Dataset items
════════════════

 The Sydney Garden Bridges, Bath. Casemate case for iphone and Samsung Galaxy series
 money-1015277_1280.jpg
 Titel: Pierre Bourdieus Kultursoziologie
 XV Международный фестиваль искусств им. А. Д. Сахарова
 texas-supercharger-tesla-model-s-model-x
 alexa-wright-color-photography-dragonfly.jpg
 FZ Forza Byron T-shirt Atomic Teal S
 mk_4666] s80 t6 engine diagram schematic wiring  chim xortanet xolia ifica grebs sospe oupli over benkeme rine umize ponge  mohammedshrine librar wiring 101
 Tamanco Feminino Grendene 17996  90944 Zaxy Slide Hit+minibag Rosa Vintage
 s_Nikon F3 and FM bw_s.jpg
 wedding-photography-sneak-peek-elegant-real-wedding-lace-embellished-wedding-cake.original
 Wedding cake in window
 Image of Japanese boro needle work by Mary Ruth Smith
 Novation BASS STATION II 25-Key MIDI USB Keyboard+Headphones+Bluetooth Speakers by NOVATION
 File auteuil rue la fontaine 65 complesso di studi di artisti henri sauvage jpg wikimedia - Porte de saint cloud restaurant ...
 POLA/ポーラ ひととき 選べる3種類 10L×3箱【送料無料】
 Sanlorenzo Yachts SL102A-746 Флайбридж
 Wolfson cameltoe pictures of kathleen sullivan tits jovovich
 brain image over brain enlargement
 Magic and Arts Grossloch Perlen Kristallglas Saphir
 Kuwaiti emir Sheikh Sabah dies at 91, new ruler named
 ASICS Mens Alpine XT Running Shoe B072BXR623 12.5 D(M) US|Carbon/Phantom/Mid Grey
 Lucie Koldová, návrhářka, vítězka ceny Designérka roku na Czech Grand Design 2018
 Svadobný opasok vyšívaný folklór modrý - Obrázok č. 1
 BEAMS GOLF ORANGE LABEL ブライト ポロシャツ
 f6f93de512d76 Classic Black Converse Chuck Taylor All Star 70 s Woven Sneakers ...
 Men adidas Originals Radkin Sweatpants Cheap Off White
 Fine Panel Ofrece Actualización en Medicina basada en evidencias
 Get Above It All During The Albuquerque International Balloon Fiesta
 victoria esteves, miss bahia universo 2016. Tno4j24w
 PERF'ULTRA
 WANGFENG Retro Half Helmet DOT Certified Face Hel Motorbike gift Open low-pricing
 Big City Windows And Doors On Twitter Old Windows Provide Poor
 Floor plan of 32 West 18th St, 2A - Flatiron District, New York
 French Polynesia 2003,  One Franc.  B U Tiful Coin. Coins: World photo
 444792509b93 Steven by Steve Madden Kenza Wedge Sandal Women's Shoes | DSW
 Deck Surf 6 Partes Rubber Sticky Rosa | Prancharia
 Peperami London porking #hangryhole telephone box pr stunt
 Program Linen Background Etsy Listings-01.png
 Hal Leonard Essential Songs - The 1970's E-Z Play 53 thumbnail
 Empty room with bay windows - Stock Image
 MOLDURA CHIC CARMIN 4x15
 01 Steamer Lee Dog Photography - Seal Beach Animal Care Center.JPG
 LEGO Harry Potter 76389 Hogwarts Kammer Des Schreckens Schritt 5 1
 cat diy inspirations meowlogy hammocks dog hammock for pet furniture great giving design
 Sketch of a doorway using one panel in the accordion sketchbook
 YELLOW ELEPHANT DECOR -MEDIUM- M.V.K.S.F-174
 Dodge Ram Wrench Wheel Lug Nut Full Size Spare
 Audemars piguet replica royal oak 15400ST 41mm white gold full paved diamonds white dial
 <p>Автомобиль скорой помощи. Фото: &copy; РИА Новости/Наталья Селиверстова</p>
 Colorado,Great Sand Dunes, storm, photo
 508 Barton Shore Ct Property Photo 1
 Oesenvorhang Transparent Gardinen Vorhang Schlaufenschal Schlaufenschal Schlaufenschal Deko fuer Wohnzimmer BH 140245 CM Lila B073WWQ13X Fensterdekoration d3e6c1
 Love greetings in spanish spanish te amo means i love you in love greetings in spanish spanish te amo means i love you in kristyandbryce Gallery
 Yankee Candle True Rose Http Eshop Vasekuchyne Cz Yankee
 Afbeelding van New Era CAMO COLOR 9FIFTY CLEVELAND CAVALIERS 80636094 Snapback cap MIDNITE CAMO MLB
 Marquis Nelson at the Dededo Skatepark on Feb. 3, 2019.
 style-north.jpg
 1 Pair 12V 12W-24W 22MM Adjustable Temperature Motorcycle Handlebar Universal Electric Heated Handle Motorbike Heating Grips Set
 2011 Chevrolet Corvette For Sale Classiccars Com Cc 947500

════════════════

What to do
Go through the entries above and copy every line containing "Rosa".

Written solution
 Tamanco Feminino Grendene 17996  90944 Zaxy Slide Hit+minibag Rosa Vintage
 Deck Surf 6 Partes Rubber Sticky Rosa | Prancharia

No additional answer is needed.